» To do
All that should be output is the block of lines below from the line with "Image of Tall" to the line with "Gyeongbokgung and Hanbok", both included, exactly as written.

+++ Data shown +++

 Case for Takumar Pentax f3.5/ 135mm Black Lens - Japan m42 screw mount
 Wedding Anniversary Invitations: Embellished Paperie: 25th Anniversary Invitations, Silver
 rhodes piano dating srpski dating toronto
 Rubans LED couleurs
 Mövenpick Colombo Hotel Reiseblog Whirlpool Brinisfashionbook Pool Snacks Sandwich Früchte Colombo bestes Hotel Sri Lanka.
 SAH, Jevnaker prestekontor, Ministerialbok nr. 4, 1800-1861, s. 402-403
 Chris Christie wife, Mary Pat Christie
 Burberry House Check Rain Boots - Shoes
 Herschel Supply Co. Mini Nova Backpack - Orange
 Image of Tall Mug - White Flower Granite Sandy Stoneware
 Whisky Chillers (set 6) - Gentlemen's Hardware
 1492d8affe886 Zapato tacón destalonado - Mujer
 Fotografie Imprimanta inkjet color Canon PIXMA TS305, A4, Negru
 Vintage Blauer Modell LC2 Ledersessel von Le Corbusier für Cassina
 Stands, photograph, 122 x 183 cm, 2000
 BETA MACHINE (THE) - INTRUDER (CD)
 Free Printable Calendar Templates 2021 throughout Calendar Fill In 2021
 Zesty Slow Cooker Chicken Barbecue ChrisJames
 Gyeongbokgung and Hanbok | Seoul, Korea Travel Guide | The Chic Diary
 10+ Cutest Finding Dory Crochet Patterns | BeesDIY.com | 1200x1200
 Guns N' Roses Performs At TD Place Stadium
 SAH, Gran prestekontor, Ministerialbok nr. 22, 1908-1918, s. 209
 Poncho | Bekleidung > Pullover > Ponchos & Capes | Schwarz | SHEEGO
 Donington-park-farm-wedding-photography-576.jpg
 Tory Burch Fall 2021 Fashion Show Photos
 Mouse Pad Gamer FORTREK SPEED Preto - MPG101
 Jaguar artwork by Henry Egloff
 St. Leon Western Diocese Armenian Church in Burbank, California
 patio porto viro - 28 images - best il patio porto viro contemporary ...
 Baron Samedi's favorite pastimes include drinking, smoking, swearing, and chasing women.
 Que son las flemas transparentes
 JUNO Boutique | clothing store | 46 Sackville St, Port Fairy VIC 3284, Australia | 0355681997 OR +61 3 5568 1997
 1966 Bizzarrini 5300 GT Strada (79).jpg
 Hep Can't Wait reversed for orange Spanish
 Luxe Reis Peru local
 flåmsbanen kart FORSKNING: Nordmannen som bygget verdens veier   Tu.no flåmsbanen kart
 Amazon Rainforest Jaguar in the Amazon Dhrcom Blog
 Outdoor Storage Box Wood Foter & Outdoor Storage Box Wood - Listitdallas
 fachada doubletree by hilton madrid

+++

» Solution to the exercise
 Image of Tall Mug - White Flower Granite Sandy Stoneware
 Whisky Chillers (set 6) - Gentlemen's Hardware
 1492d8affe886 Zapato tacón destalonado - Mujer
 Fotografie Imprimanta inkjet color Canon PIXMA TS305, A4, Negru
 Vintage Blauer Modell LC2 Ledersessel von Le Corbusier für Cassina
 Stands, photograph, 122 x 183 cm, 2000
 BETA MACHINE (THE) - INTRUDER (CD)
 Free Printable Calendar Templates 2021 throughout Calendar Fill In 2021
 Zesty Slow Cooker Chicken Barbecue ChrisJames
 Gyeongbokgung and Hanbok | Seoul, Korea Travel Guide | The Chic Diary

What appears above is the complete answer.